- SOURCE MATERIAL:
----
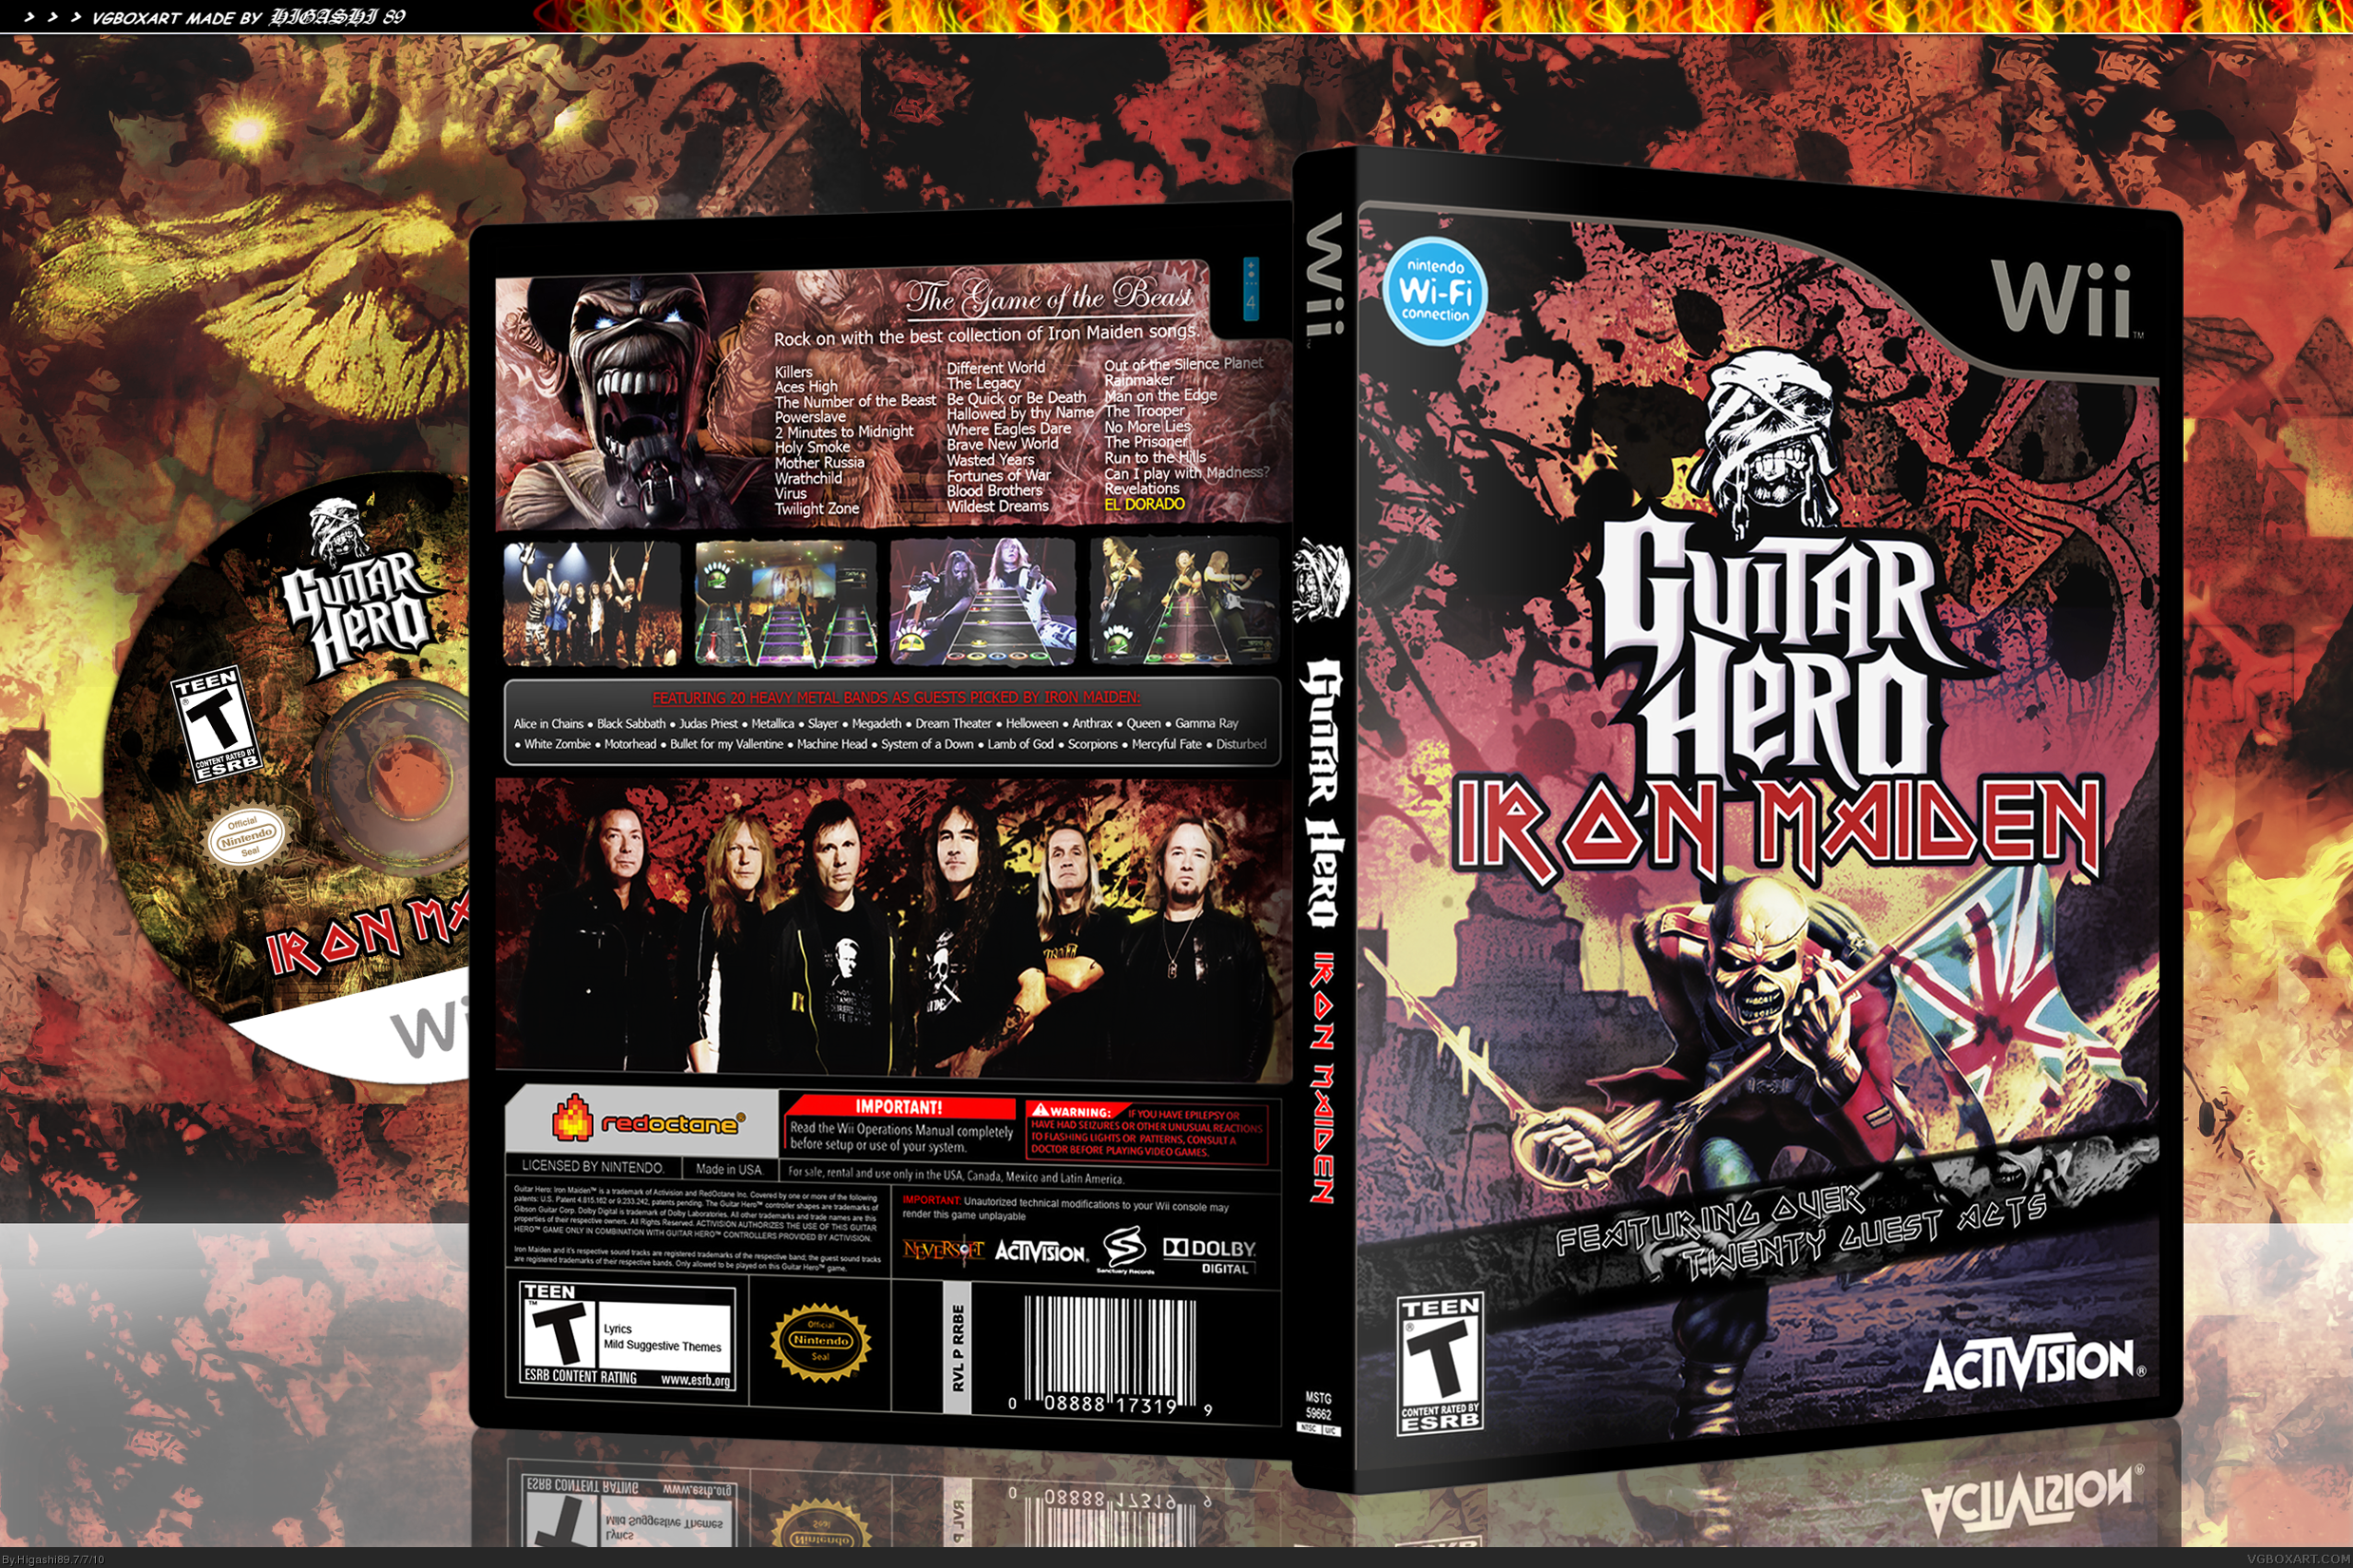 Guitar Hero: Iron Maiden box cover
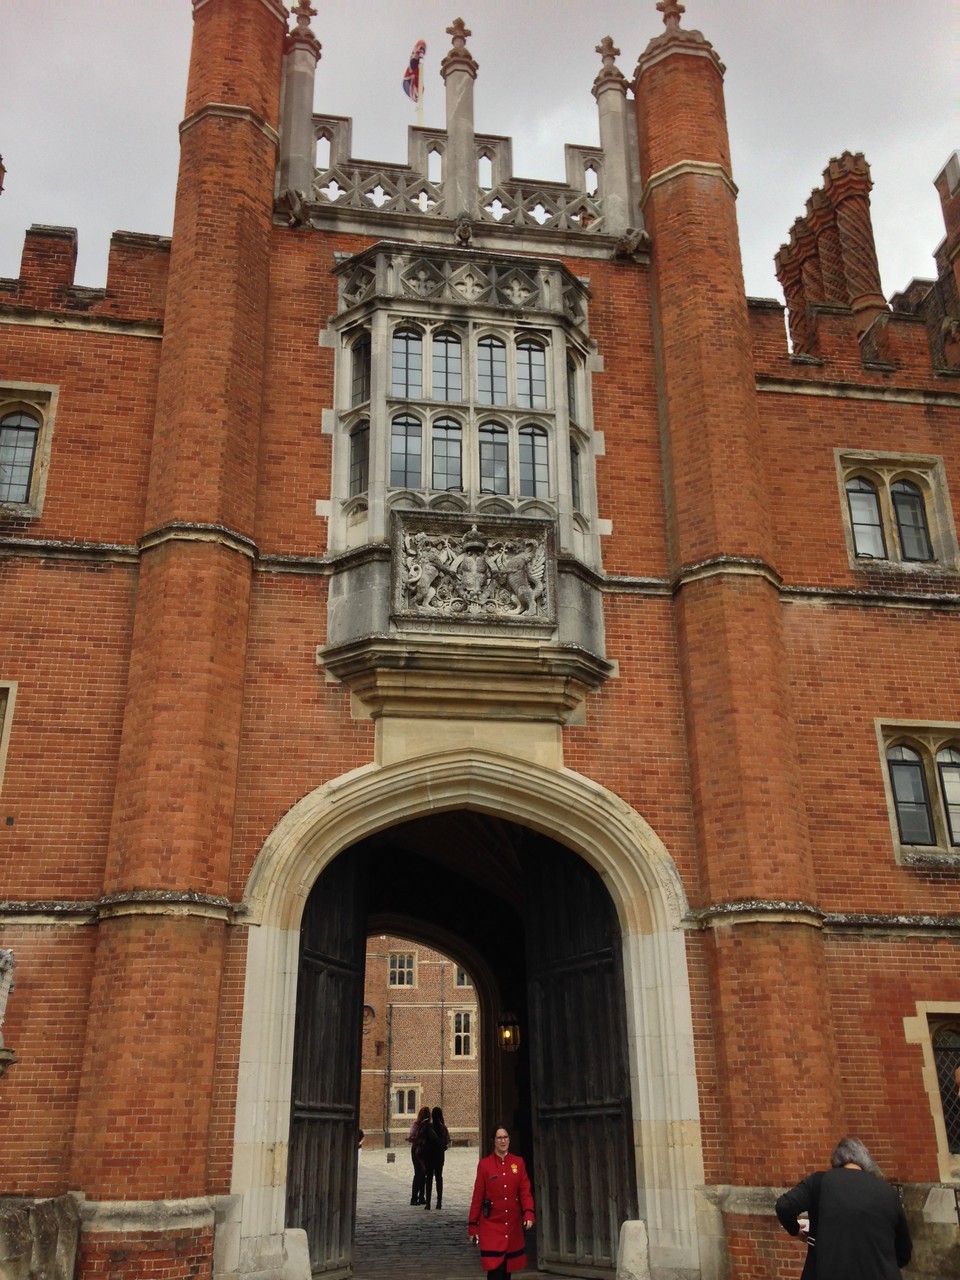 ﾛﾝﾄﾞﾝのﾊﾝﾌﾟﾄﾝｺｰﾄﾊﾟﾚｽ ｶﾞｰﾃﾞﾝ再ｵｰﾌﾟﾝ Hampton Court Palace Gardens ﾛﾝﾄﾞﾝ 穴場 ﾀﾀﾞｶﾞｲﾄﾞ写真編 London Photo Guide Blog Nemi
----
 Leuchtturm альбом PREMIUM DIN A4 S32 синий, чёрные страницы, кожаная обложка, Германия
----
- ACTIVITY: Print the line above containing "Guitar Hero: Iron Maiden box cover", the line containing "ﾛﾝﾄﾞﾝのﾊﾝﾌﾟﾄﾝｺｰﾄﾊﾟﾚｽ ｶﾞｰﾃﾞﾝ再ｵｰﾌﾟﾝ Hampton", and everything between them, exactly as written. Pictures stay out.

- RESPONSE TO THE TASK:
 Guitar Hero: Iron Maiden box cover
 ﾛﾝﾄﾞﾝのﾊﾝﾌﾟﾄﾝｺｰﾄﾊﾟﾚｽ ｶﾞｰﾃﾞﾝ再ｵｰﾌﾟﾝ Hampton Court Palace Gardens ﾛﾝﾄﾞﾝ 穴場 ﾀﾀﾞｶﾞｲﾄﾞ写真編 London Photo Guide Blog Nemi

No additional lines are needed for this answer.